NUS Graduate School for Integrative Sciences and Engineering, National University of Singapore, Singapore, Singapore.
Neuroimage. 2010 Aug 1;52(1):131-41. doi: 10.1016/j.neuroimage.2010.03.085. Epub 2010 Apr 8.
Cortical surface mapping has been widely used to compensate for individual variability of cortical shape and topology in anatomical and functional studies. While many surface mapping methods were proposed based on landmarks, curves, spherical or native cortical coordinates, few studies have extensively and quantitatively evaluated surface mapping methods across different methodologies. In this study we compared five cortical surface mapping algorithms, including large deformation diffeomorphic metric mapping (LDDMM) for curves (LDDMM-curve), for surfaces (LDDMM-surface), multi-manifold LDDMM (MM-LDDMM), FreeSurfer, and CARET, using 40 MRI scans and 10 simulated datasets. We computed curve variation errors and surface alignment consistency for assessing the mapping accuracy of local cortical features (e.g., gyral/sulcal curves and sulcal regions) and the curvature correlation for measuring the mapping accuracy in terms of overall cortical shape. In addition, the simulated datasets facilitated the investigation of mapping error distribution over the cortical surface when the MM-LDDMM, FreeSurfer, and CARET mapping algorithms were applied. Our results revealed that the LDDMM-curve, MM-LDDMM, and CARET approaches best aligned the local curve features with their own curves. The MM-LDDMM approach was also found to be the best in aligning the local regions and cortical folding patterns (e.g., curvature) as compared to the other mapping approaches. The simulation experiment showed that the MM-LDDMM mapping yielded less local and global deformation errors than the CARET and FreeSurfer mappings.

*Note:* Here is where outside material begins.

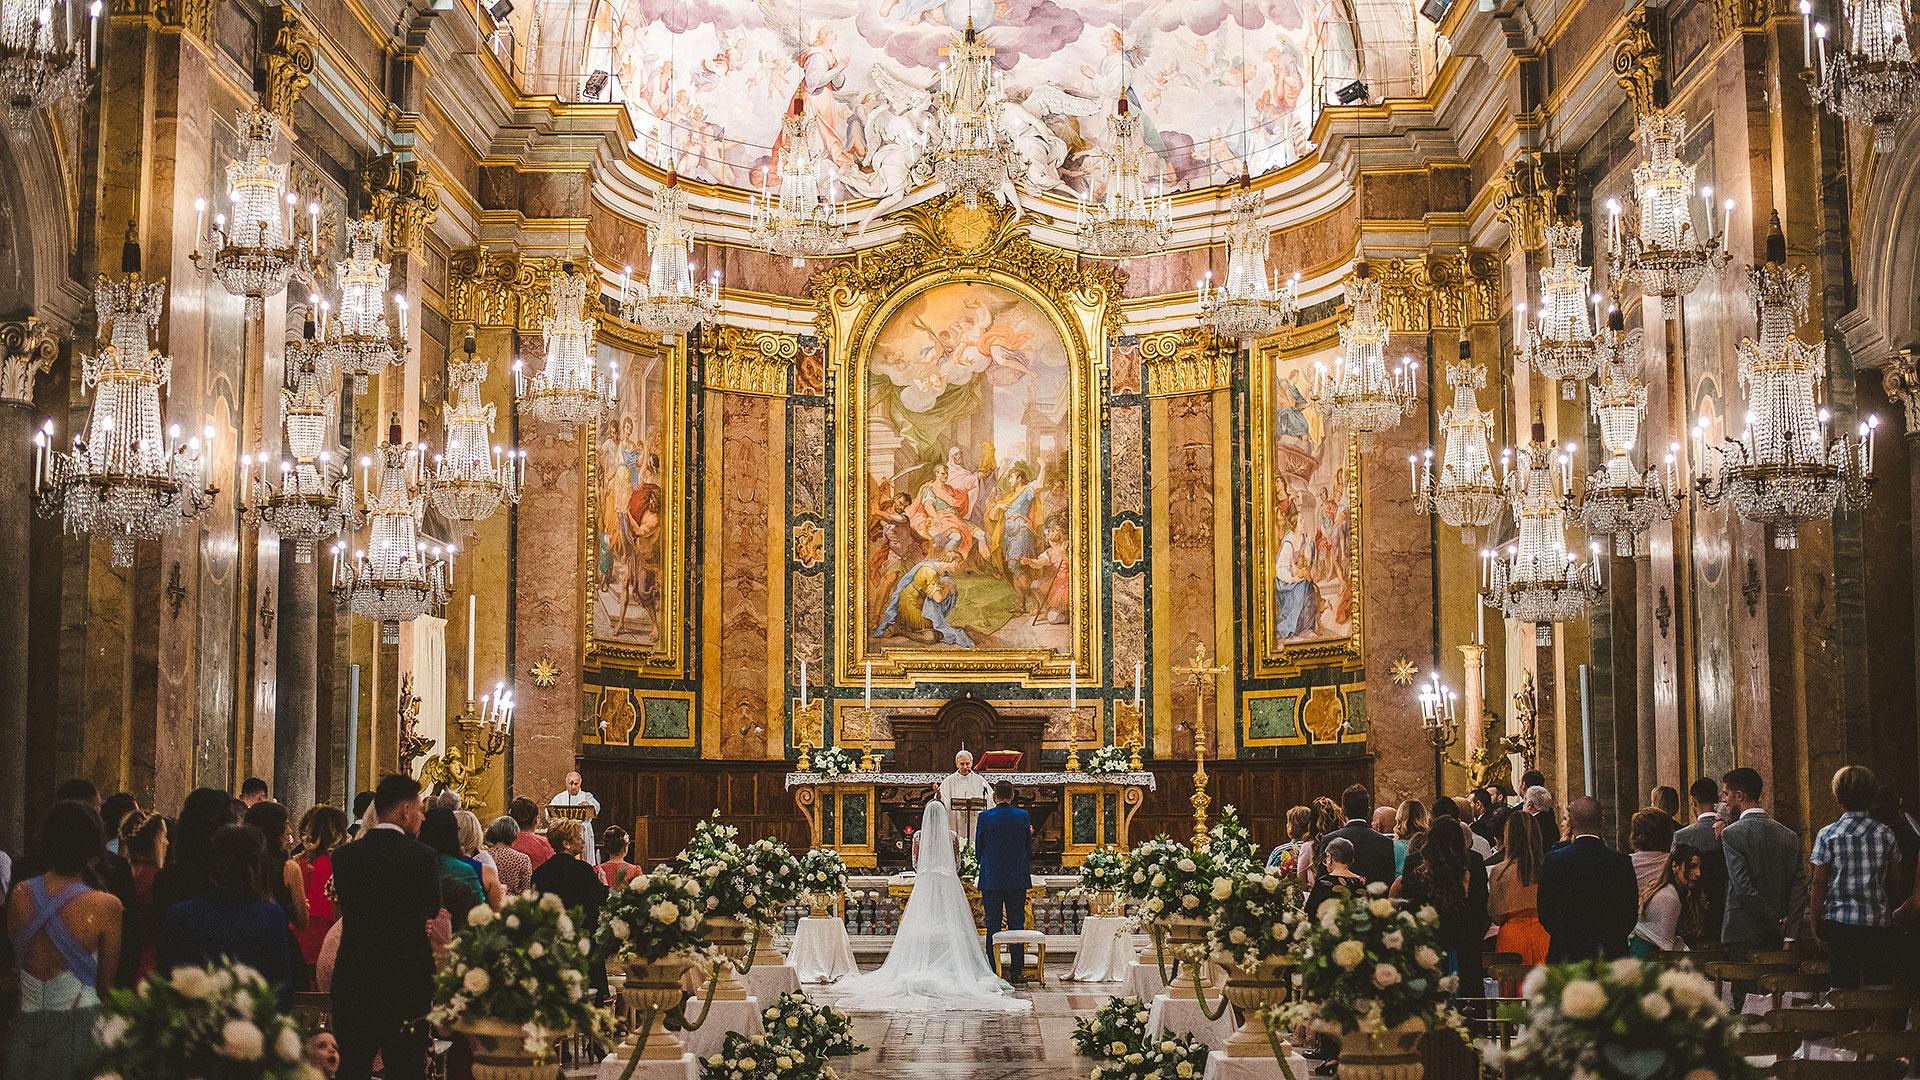 matrimonio chiesa lampadari

皮质表面映射已广泛用于补偿皮质形状和拓扑结构在解剖学和功能研究中的个体变异性。虽然许多表面映射方法是基于地标、曲线、球形或原生皮质坐标提出的,但很少有研究广泛且定量地评估了不同方法学中的表面映射方法。在这项研究中,我们比较了五种皮质表面映射算法,包括基于曲线的大变形仿射度量映射(LDDMM)(LDDMM-curve)、基于曲面的 LDDMM(LDDMM-surface)、多流形 LDDMM(MM-LDDMM)、FreeSurfer 和 CARET,使用 40 个 MRI 扫描和 10 个模拟数据集。我们计算了曲线变化误差和曲面配准一致性,以评估局部皮质特征(如脑回/脑沟曲线和脑沟区域)的映射精度,以及曲率相关性,以衡量整体皮质形状的映射精度。此外,模拟数据集有助于研究当 MM-LDDMM、FreeSurfer 和 CARET 映射算法应用于皮质表面时的映射误差分布。我们的结果表明,LDDMM-curve、MM-LDDMM 和 CARET 方法最能与自身曲线对齐局部曲线特征。与其他映射方法相比,MM-LDDMM 方法还被发现最能对齐局部区域和皮质折叠模式(例如曲率)。模拟实验表明,与 CARET 和 FreeSurfer 映射相比,MM-LDDMM 映射产生的局部和全局变形误差更小。